120 km yesterday on my bicycle with friends. Totally tired by the time I had done 90 and then they said we had to go to the top of this hill ... got 1/3rd the way up (only about 250 meters) then got off to walk it, pushing the bike.

Well worth the effort though because I got a few photo's of the sunset


----------



## WereBo (Apr 5, 2008)

It's nice to see a 'natural' sunset, unspoilt by filters etc. to 'enhance' the colours. The silhouettes are lovely, but the last one takes the biscuit, with just enough exposure to show how dark the ground is, without it being black ray:


----------



## Done_Fishin (Oct 10, 2006)

Thanks .. I hate using filters .. I don't even have any .. and of course the only tools I use are "hugin" (to create panaramas) which does compensate for lighting between photo's, however the overall effect was extremely pleasing. I saw that view and forgot everything else :laugh:


----------



## WereBo (Apr 5, 2008)

When I was using my Praktica 35mm film-camera, the only filters I used were polarising-filters, and they were permanently left on the lenses :grin:


----------



## Done_Fishin (Oct 10, 2006)

I could live with that but I never got around to buying filters even for my old Praktika .. was all I could do to afford the camera, lenses & kit let alone extra filters.


----------



## SABL (Jul 4, 2008)

Straight from the camera with no edit.

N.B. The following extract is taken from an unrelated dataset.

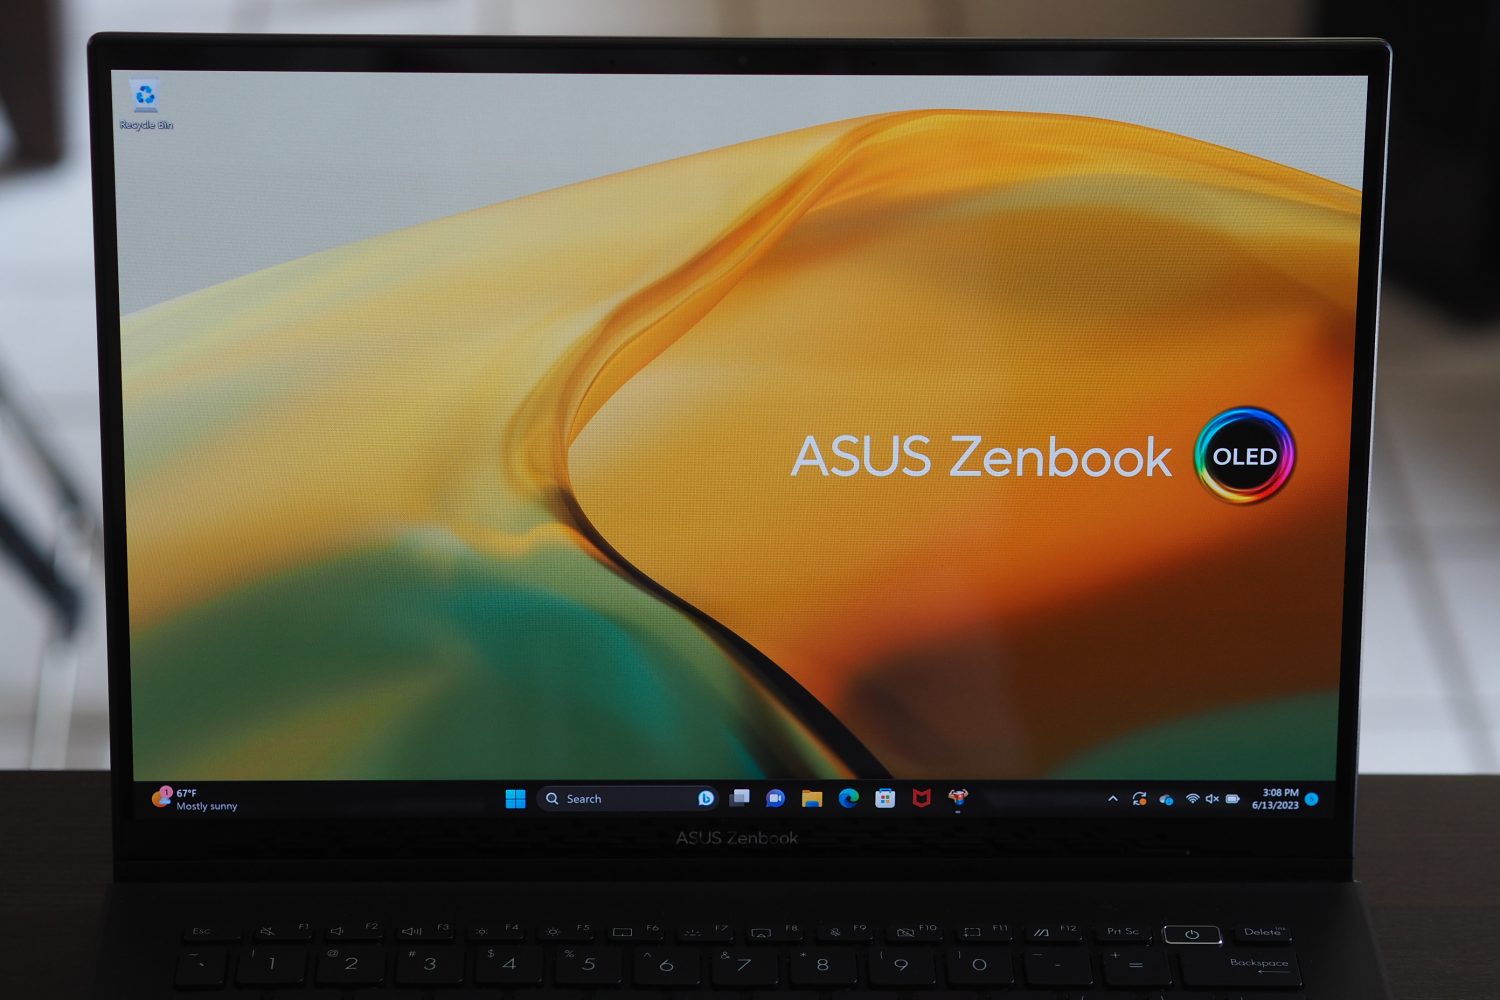 Vista frontal do Asus Zenbook 14 OLED mostrando a tela.

Waikiki Hawaii...got more but don't have a hosting site.


----------



## WereBo (Apr 5, 2008)

Lovely picture SABL, I like the cloud's silver lining, you caught it perfectly without losing any of the other details









I took this one from my rear balcony, soon after buying my 1st (and only so far) digital camera, mainly for the intense colours of the sky.

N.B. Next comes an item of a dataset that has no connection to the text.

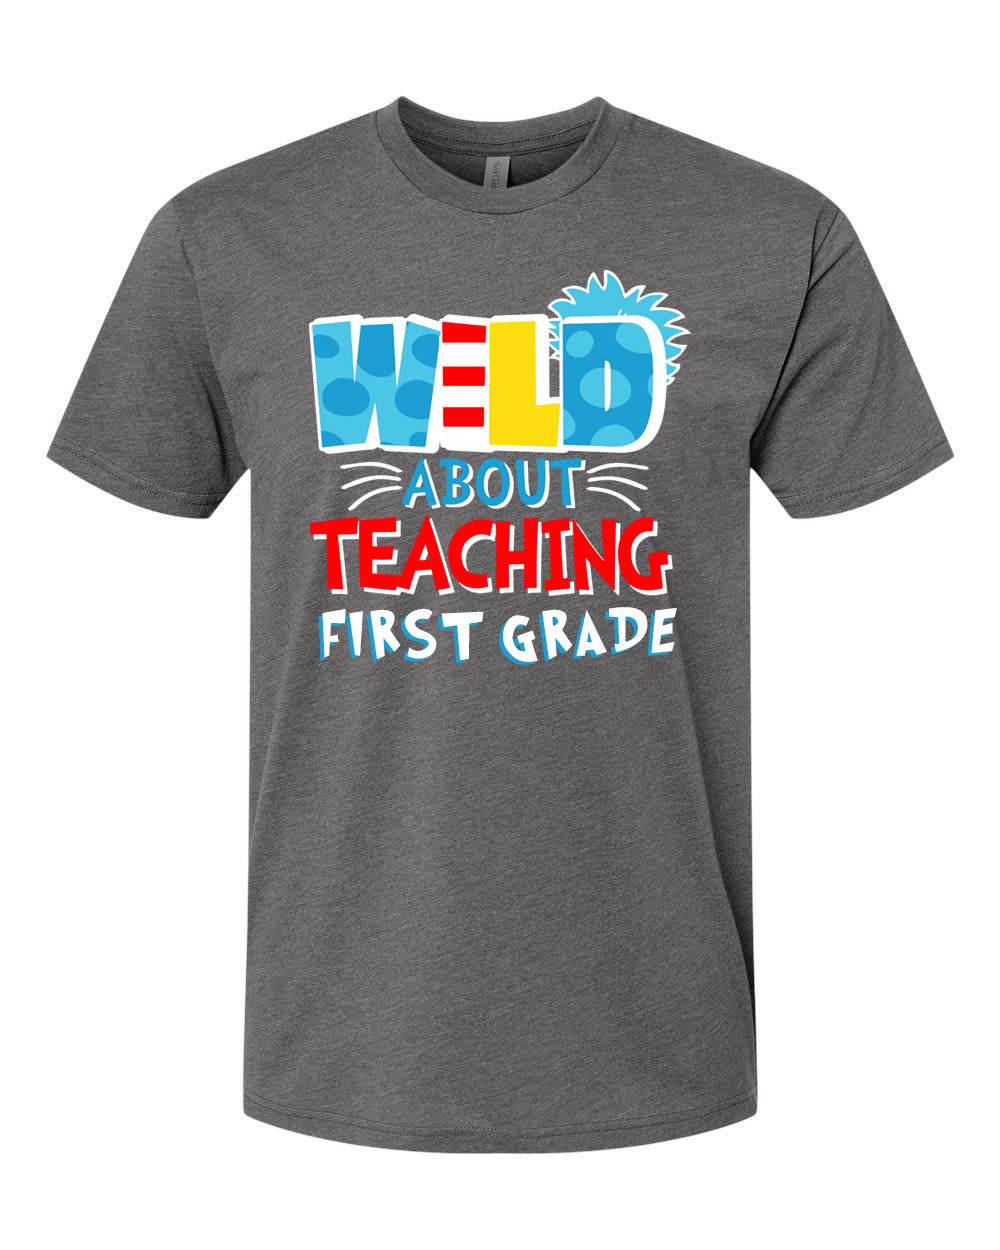 Wild about teaching T-shirt
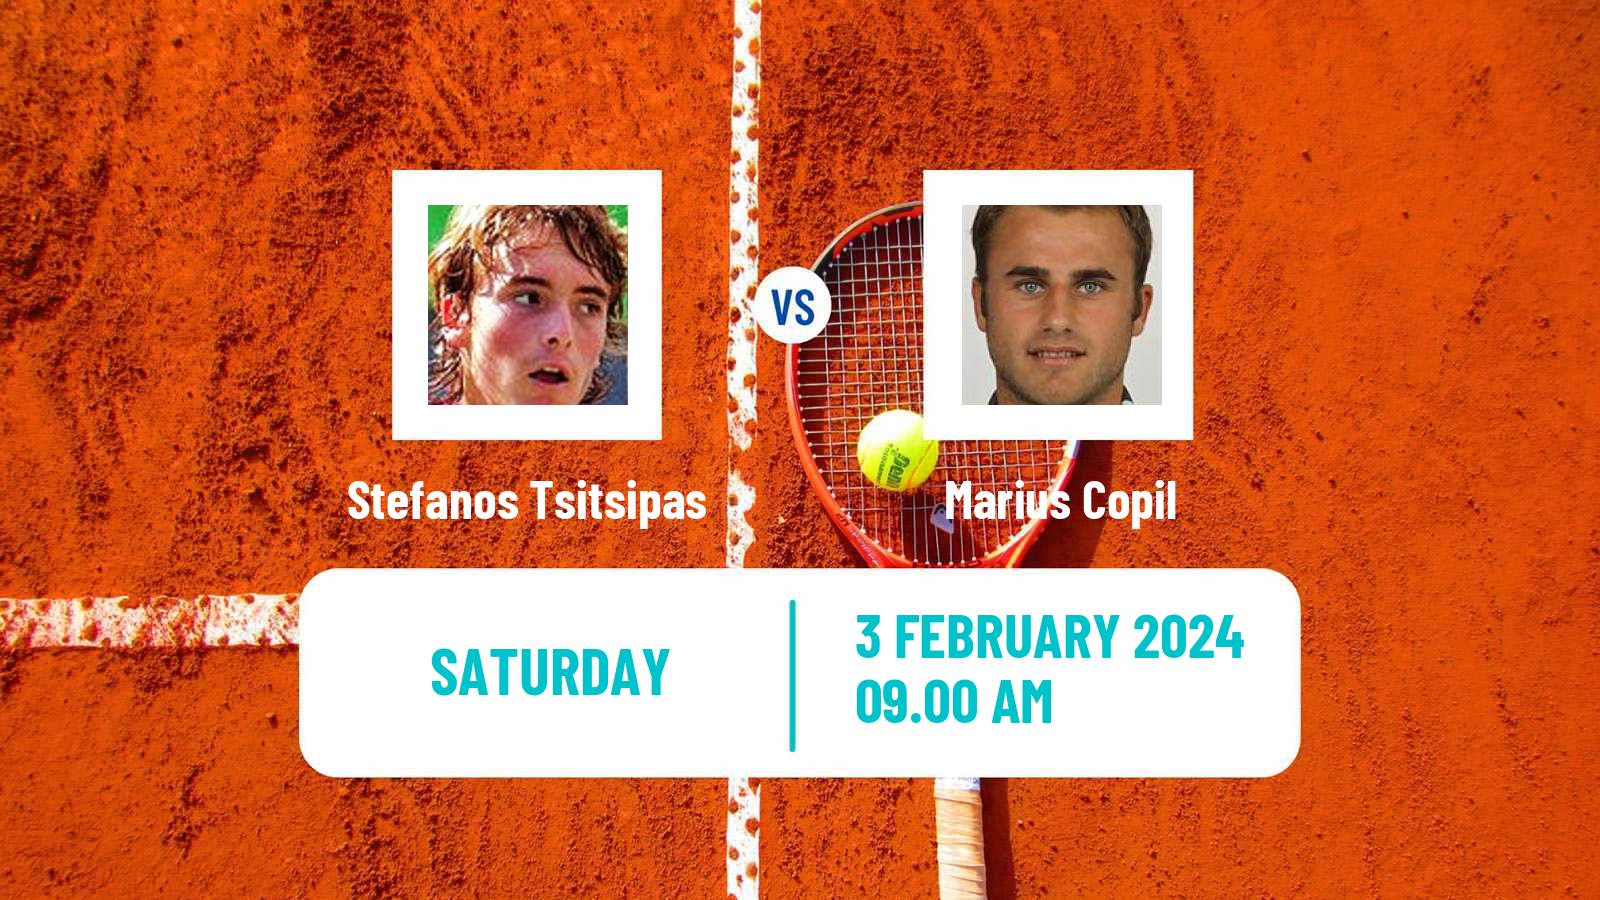 Tennis Davis Cup World Group I Stefanos Tsitsipas - Marius Copil

The strange angle of the building is cos it was as wide-angle as possible, to get it all in :grin:


----------



## Done_Fishin (Oct 10, 2006)

@SABL & Werebo ... NICE!!!! Very, Very Nice !!


----------



## Mack (Nov 8, 2004)

Nice Images guys.

This is one of my first pictures with my first slr. No filters or editing.


----------



## WereBo (Apr 5, 2008)

Now THAT is just spectacular! Even to the lonely seagull flying into the sunset ray:

Was that taken in Ireland?


----------



## Mack (Nov 8, 2004)

Thanks WerebBo, yes I took this in Dublin. I was up early to get a photograph of the power station to the left of this, I wanted a shot with the sun rising behind it but this was the shot i ended up with.


----------



## Done_Fishin (Oct 10, 2006)

Beautiful ..


----------